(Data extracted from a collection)
◆ ◆ ◆ ◆ ◆ ◆ ◆

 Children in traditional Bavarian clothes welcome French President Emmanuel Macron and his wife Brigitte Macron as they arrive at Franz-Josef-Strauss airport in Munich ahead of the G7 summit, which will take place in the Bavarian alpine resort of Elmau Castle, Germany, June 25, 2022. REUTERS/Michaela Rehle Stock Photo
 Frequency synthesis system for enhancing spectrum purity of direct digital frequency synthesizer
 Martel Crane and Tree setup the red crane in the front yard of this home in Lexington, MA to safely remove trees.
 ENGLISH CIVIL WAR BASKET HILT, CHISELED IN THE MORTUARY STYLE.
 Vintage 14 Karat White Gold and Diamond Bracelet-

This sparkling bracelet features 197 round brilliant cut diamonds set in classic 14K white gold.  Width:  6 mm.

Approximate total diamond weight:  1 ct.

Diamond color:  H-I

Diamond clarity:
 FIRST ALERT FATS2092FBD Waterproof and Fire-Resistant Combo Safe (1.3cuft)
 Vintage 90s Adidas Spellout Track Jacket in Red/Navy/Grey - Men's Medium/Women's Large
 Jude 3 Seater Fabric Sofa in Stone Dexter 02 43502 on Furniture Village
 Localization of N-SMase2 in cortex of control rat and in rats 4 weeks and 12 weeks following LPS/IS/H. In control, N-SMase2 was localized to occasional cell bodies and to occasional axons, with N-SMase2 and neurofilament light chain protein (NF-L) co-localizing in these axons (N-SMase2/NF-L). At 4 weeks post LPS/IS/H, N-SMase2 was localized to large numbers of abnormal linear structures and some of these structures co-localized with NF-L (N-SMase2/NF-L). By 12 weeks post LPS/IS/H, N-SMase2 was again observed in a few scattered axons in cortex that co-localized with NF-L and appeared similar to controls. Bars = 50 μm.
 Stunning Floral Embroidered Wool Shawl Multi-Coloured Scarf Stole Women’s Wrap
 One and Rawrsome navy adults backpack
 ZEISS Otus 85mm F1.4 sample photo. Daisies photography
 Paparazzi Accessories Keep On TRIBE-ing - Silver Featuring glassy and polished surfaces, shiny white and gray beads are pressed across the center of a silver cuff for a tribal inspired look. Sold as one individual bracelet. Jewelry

◆ ◆ ◆ ◆ ◆ ◆ ◆

◆ Work to be completed
Could you print exactly the lines from the one containing "One and Rawrsome navy adults backpack" through the last line of the records above?

◆ Output
 One and Rawrsome navy adults backpack
 ZEISS Otus 85mm F1.4 sample photo. Daisies photography
 Paparazzi Accessories Keep On TRIBE-ing - Silver Featuring glassy and polished surfaces, shiny white and gray beads are pressed across the center of a silver cuff for a tribal inspired look. Sold as one individual bracelet. Jewelry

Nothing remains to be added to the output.